The config above, will automatically split GPUs specified in CUDA_VISIBLE_DEVICES into two: - The first half will be used for prefill - The second half will be used for decode

For more control, users can specify the GPU IDs explicitly in prefill and decode configurations:

test.toml (disaggregated prefill/decode)

Copy
Copied!
            

[cmd_args.prefill] gpu_ids = "0,1" [cmd_args.decode] gpu_ids = "2,3"


In this case CUDA_VISIBLE_DEVICES will be ignored and only the GPUs specified in gpu_ids will be used.

proxy_script is used to proxy the requests from the client to the prefill and decode instances. It is ignored for non-disaggregated mode. Default value can be found below.

It can be overridden by setting proxy_script by using the latest version of the script from vLLM repository:

test_scenario.toml (override proxy_script)

Copy
Copied!
            

[[Tests.git_repos]] url = "https://github.com/vllm-project/vllm.git" commit = "main" mount_as = "/vllm_repo" [Tests.cmd_args] docker_image_url = "vllm/vllm-openai:v0.14.0-cu130" proxy_script = "/vllm_repo/tests/v1/kv_connector/nixl_integration/toy_proxy_server.py"


In this case the proxy script will be mounted from the vLLM repository (cloned locally) as /vllm_repo and used for the test.

vLLM Serve Arguments

pydantic model cloudai.workloads.vllm.vllm.VllmArgs[source]

Base command arguments for vLLM instances.

field nixl_threads: int | list[int] | None = None

Set kv_connector_extra_config.num_threads for --kv-transfer-config CLI argument.

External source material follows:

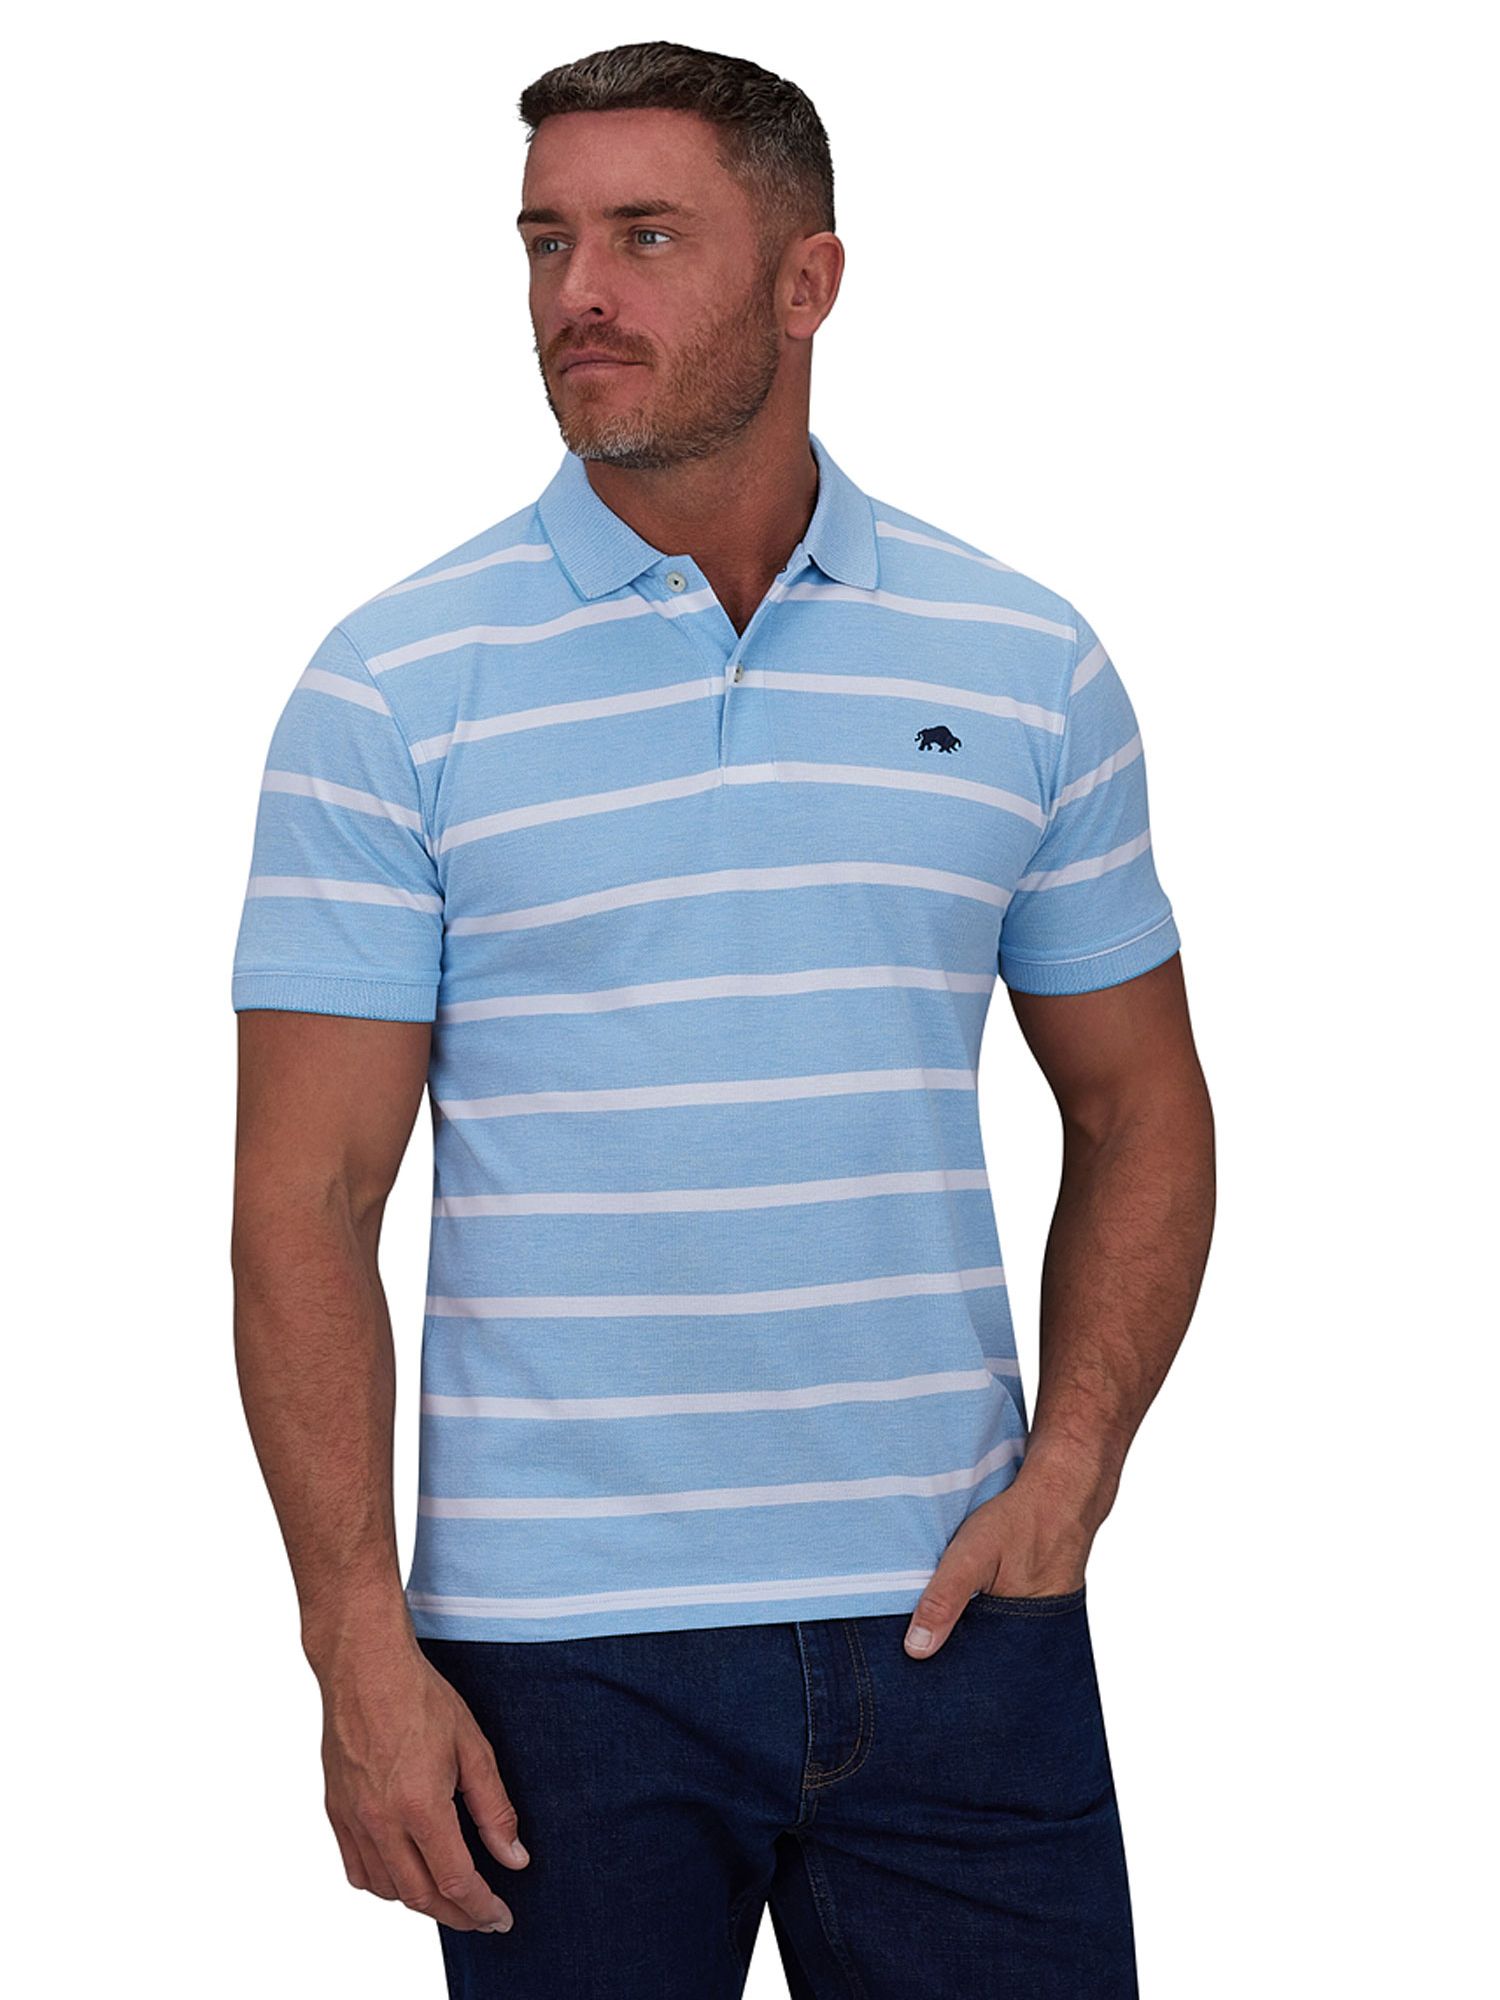 Raging Bull Birdseye Stripe Polo Shirt, Mid Blue, S

property serve_args_exclude: set[str]

Fields consumed internally and excluded from generic serve args.

serialize_serve_arg(key: str, value: object) → list[str][source]

Serialize a single serve argument to CLI tokens.

property serve_args: list[str]
field gpu_ids: str | list[str] | None = None

Comma-separated GPU IDs. If not set, all available GPUs will be used.

Command Arguments

class cloudai.workloads.vllm.vllm.VllmCmdArgs(*, docker_image_url: str, model: str = 'Qwen/Qwen3-0.6B', port: ~typing.Annotated[int, ~annotated_types.Ge(ge=1), ~annotated_types.Le(le=65535)] = 8300, host: str = '0.0.0.0', bench_host: str | None = None, healthcheck: str = '/healthcheck', serve_wait_seconds: int = 300, prefill: ~cloudai.workloads.vllm.vllm.VllmArgs | None = None, decode: ~cloudai.workloads.vllm.vllm.VllmArgs = <factory>, proxy_script: str = '/opt/vllm/tests/v1/kv_connector/nixl_integration/toy_proxy_server.py')[source]

Bases: LLMServingCmdArgs[VllmArgs]

vLLM serve command arguments.

Benchmark Command Arguments

class cloudai.workloads.vllm.vllm.VllmBenchCmdArgs(*, random_input_len: int = 16, random_output_len: int = 128, max_concurrency: int = 16, num_prompts: int = 30, **extra_data: Any)[source]

Bases: CmdArgs

vLLM bench serve command arguments.

Test Definition

class cloudai.workloads.vllm.vllm.VllmTestDefinition(*, name: str, description: str, test_template_name: str, cmd_args: VllmCmdArgs, extra_env_vars: dict[str, str | List[str]] = {}, extra_cmd_args: dict[str, str] = {}, extra_container_mounts: list[str] = [], git_repos: list[GitRepo] = [], nsys: NsysConfiguration | None = None, predictor: PredictorConfig | None = None, agent: str = 'grid_search', agent_steps: int = 1, agent_metrics: list[str] = ['default'], agent_reward_function: str = 'inverse', agent_config: dict[str, Any] | None = None, bench_cmd_args: VllmBenchCmdArgs = VllmBenchCmdArgs(random_input_len=16, random_output_len=128, max_concurrency=16, num_prompts=30), proxy_script_repo: GitRepo | None = None)[source]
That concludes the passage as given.